+++ Available data
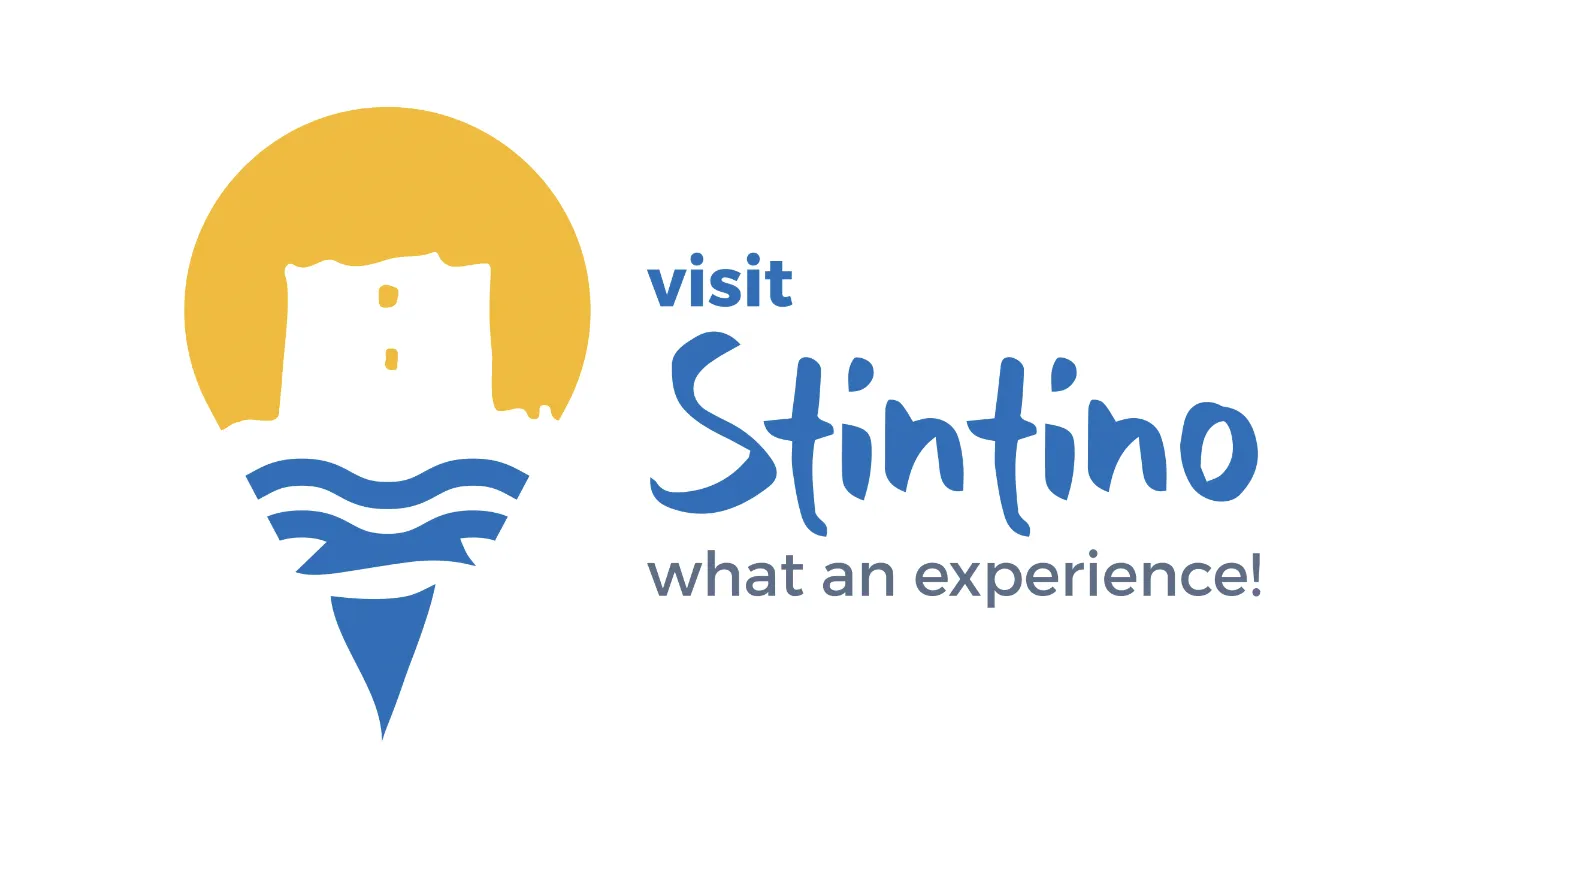 Il Comune di Stintino presenta Visit Stintino, nuovo progetto di marketing territoriale
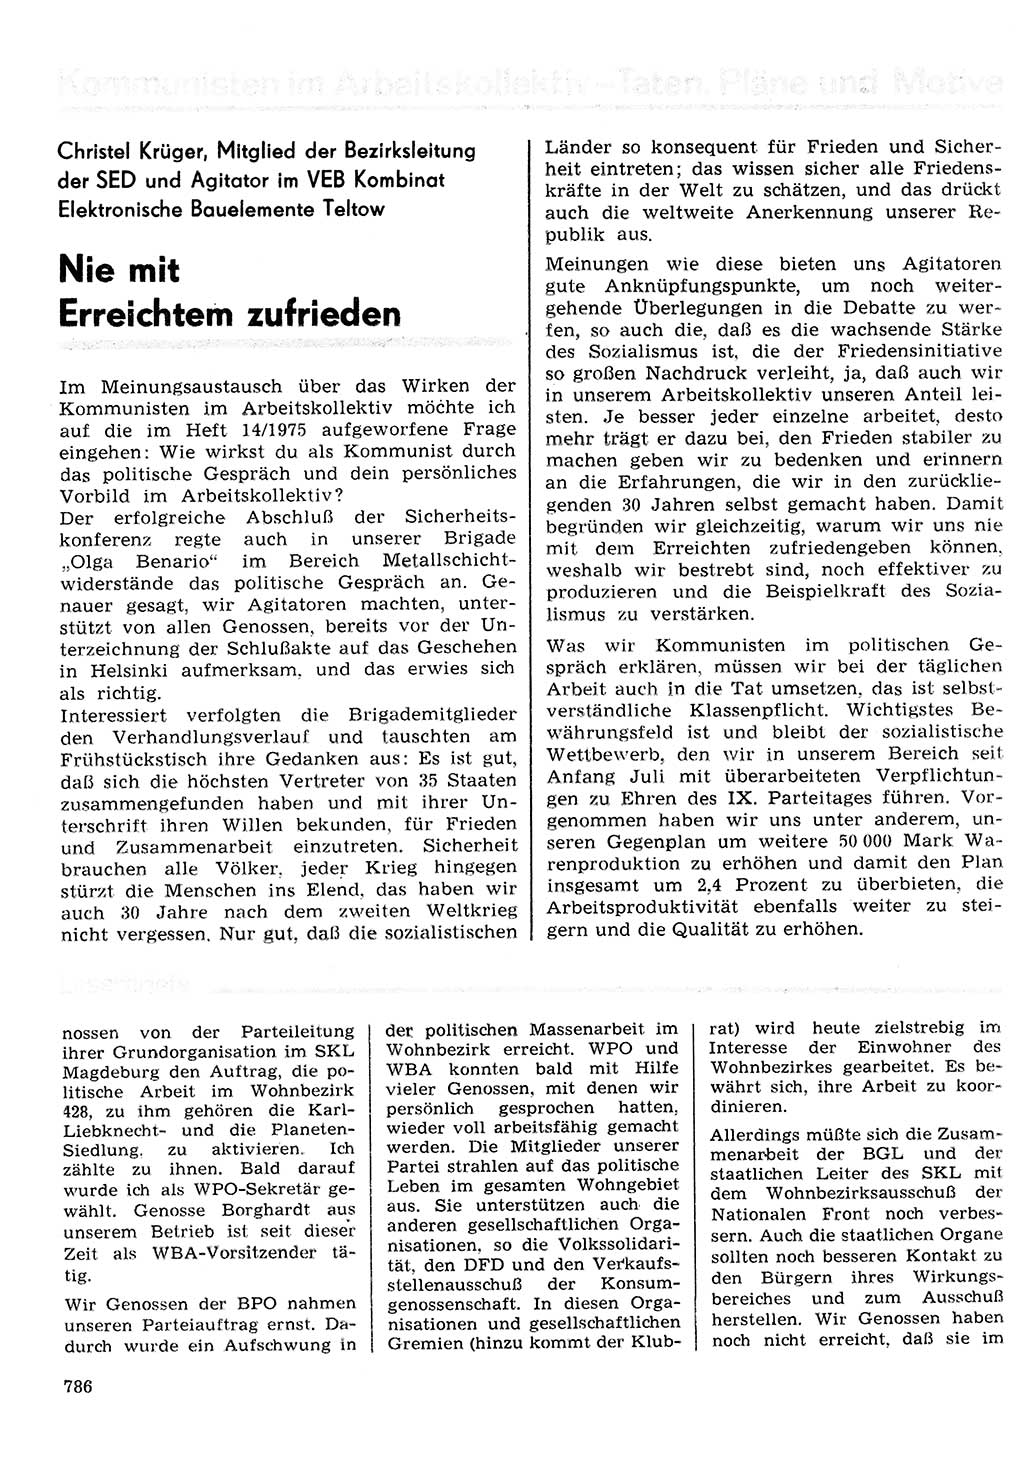 Neuer Weg (NW), Organ des Zentralkomitees (ZK) der SED (Sozialistische Einheitspartei Deutschlands) für Fragen des Parteilebens, 30. Jahrgang [Deutsche Demokratische Republik (DDR)] 1975, Seite 786 (NW ZK SED DDR 1975, S. 786)
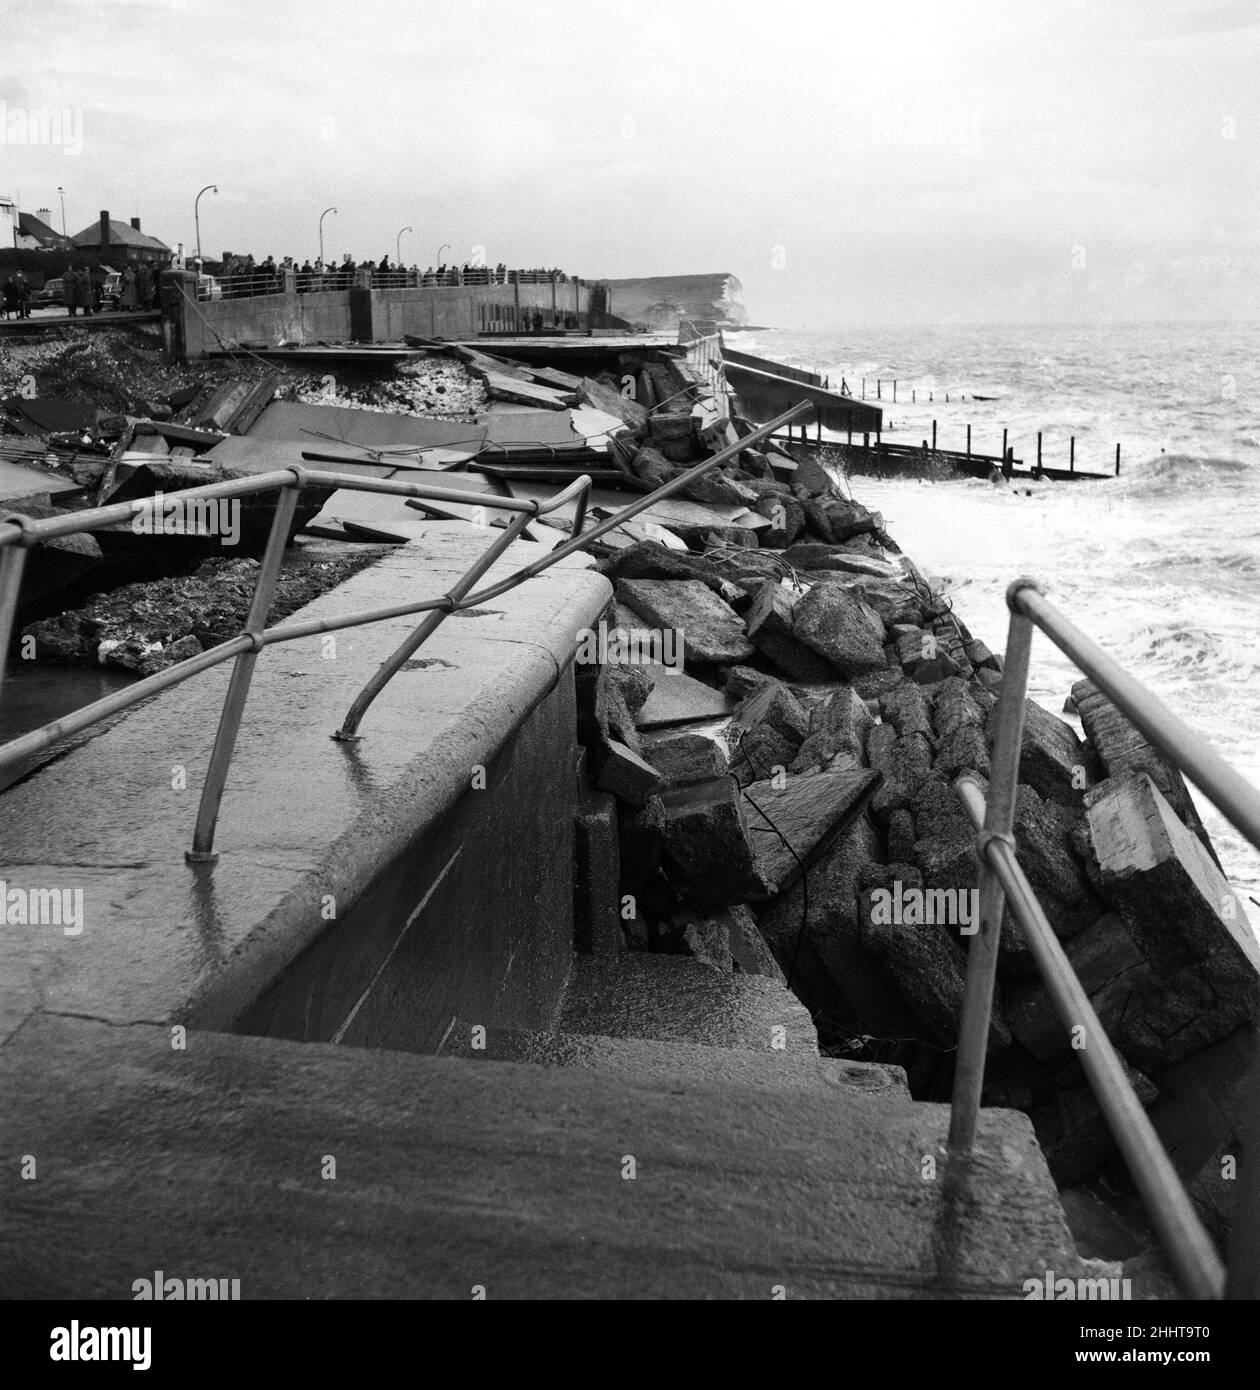 Dégâts causés par la tempête sur la promenade de Seaford.Ces derniers jours, de féroces gales ont balayé les îles britanniques.Ici, à Seaford, la promenade a été rompue par les marées exceptionnellement fortes.Novembre 1954. Banque D'Images
++++++
▶ [Action item]: The reply has to reproduce every line above verbatim and contain no pictures.

▶ [Answer for this exercise]:
 Il Comune di Stintino presenta Visit Stintino, nuovo progetto di marketing territoriale
 Neuer Weg (NW), Organ des Zentralkomitees (ZK) der SED (Sozialistische Einheitspartei Deutschlands) für Fragen des Parteilebens, 30. Jahrgang [Deutsche Demokratische Republik (DDR)] 1975, Seite 786 (NW ZK SED DDR 1975, S. 786)
 Dégâts causés par la tempête sur la promenade de Seaford.Ces derniers jours, de féroces gales ont balayé les îles britanniques.Ici, à Seaford, la promenade a été rompue par les marées exceptionnellement fortes.Novembre 1954. Banque D'Images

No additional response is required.